Volume 29 Issue 19 25 Jun 2020 3 Tammuz 5780

From the Head of Jewish Life

Rabbi Daniel Siegel

Rabbi Daniel Siegel – Head of Jewish Life

Menuchat Shabbat

Previously, in Ma Nishma, I shared that “Shabbat”, often mistranslated as “rest”, means “cessation” (from work). The purpose of Shabbat, in turn, is to promote our entering into the realm of menuchah/מנוחה, rest.

Menuchah/מנוחה is of another dimension, aptly described in the Shabbat Minchah/מנחה prayer service. Being said in the afternoon, these words might best express what one has been blessed to experience.

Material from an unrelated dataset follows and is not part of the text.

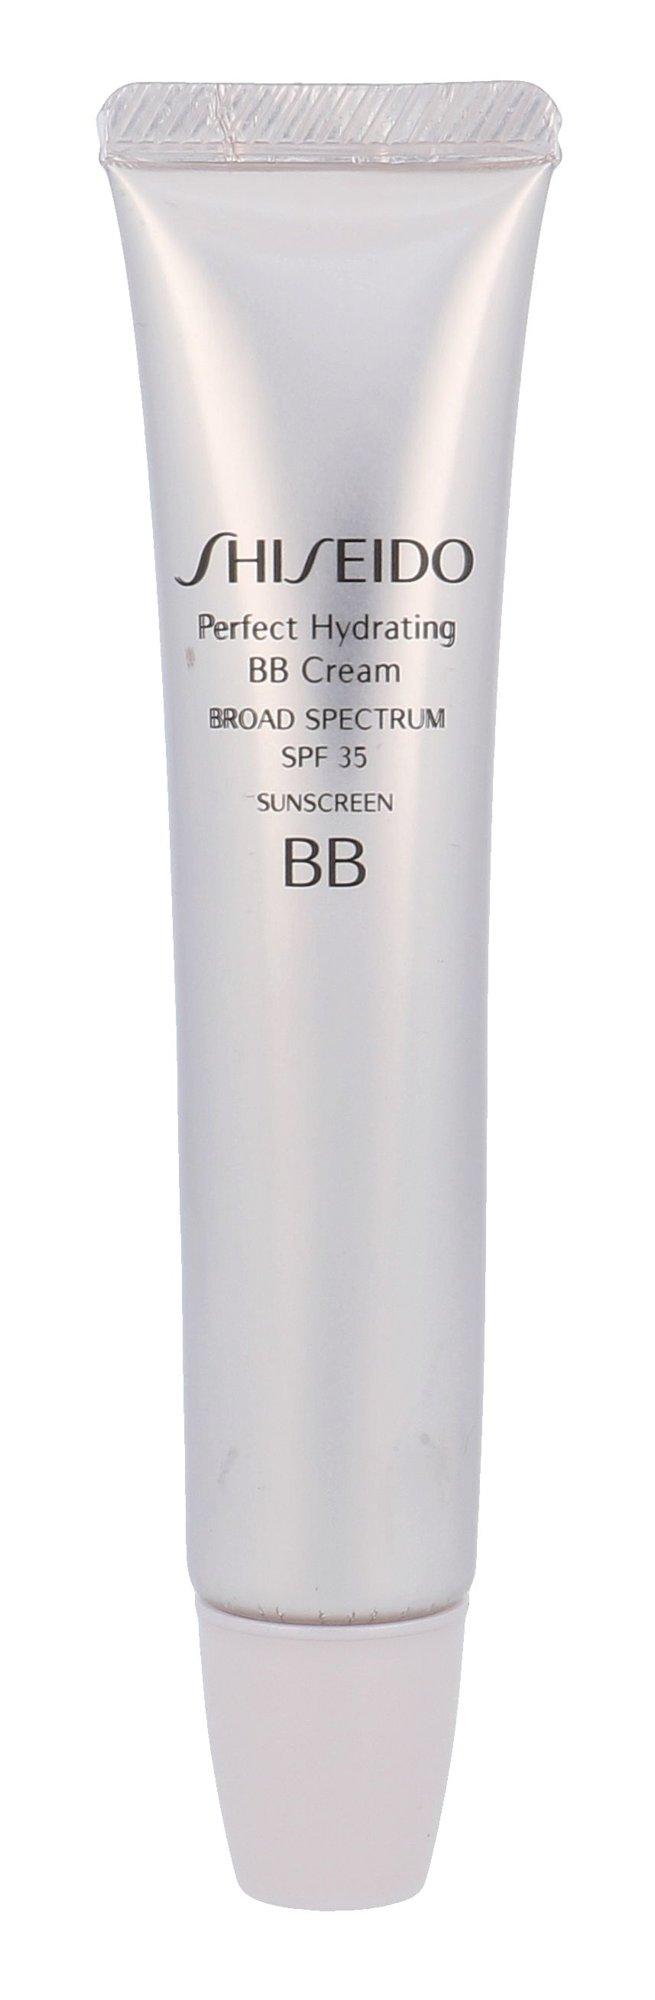 Shiseido Perfect Hydrating Cosmetic 30ml Dark

“A day of rest (menuchah) and sanctity (kedushah), You give to Your people. A rest bringing forth love and expansive spirit (menuchat ahavah u-nedavah), a rest wherein we may encounter what is true and enduring (menuchat emet ve-emunah), a rest of peace and tranquillity, quietude and contentment (menuchat shalom ve-shalvah, ve-hashket va-vetach), a holistic rest (menuchah sheleimah)”.

This prayer of menuchah is remarkably different from the piyyut traditionally sung at the incoming of Shabbat, when the anxiety and stress of the work world has yet to be fully left behind. Hearkening back to the dove of Noach/נח (which name means rest), who is seeking a place of rest (manoach/מנוח) in a world overcome by turbulent waters, we sing “Yonah Matsah Manoach”. In a voice willing a yet to be experienced reality, we join in saying “The dove (which traditionally represents the Jewish people) finds a resting place”. To these words we add, in hope and anticipation, “and there may the weary come to rest (yanuchu/ינוחו)”. Significantly, these last words are from Job who, in experiencing a world of turmoil, says “I was not tranquil (lo shalavti), nor did I experience quietude (lo shakatiti), I could not rest (lo nachti/לא נחתי).

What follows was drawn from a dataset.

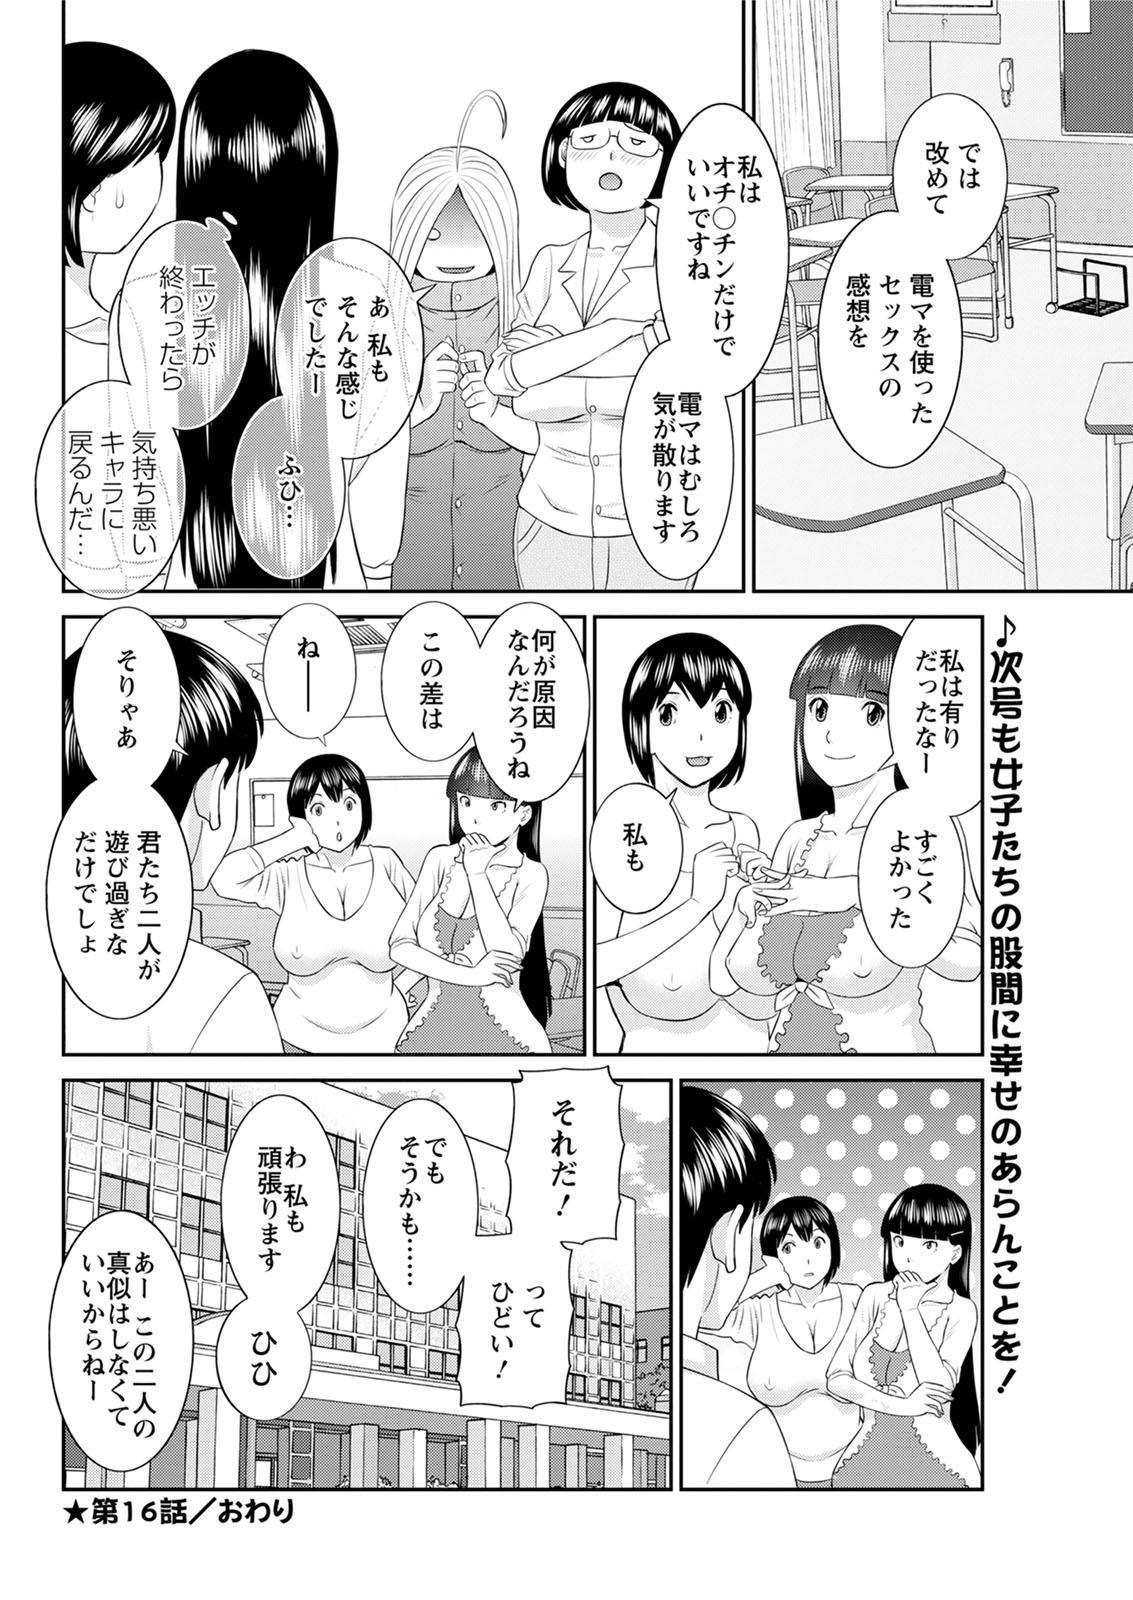 [Kawamori Misaki] Kaikan Hitotsuma Gakuen Ch. 1-6, 8-16 [Digital] 274

When allowing ourselves to be immersed in menuchah, as reflected in the minchah service, shabbat is intended to bring to mind the Temple, the “resting place” of God. David is told that because his kingdom was rife with strife and bloodshed, he could not build the Divine resting place. Rather, it is an Ish Menuchah/איש מנוחה (a Man of Rest), Shelomo (whose name denotes wholeness), in whose time Israel will experience shalom and quietude (sheket), that will build the Temple.

Upon finishing the Temple, Shelomo blesses the “entire community of Israel” with the words: “Praise the Lord who has granted rest (menuchah) to His people Israel”. Shabbat is God’s Temple in Time if we could be at peace with and at rest in the world.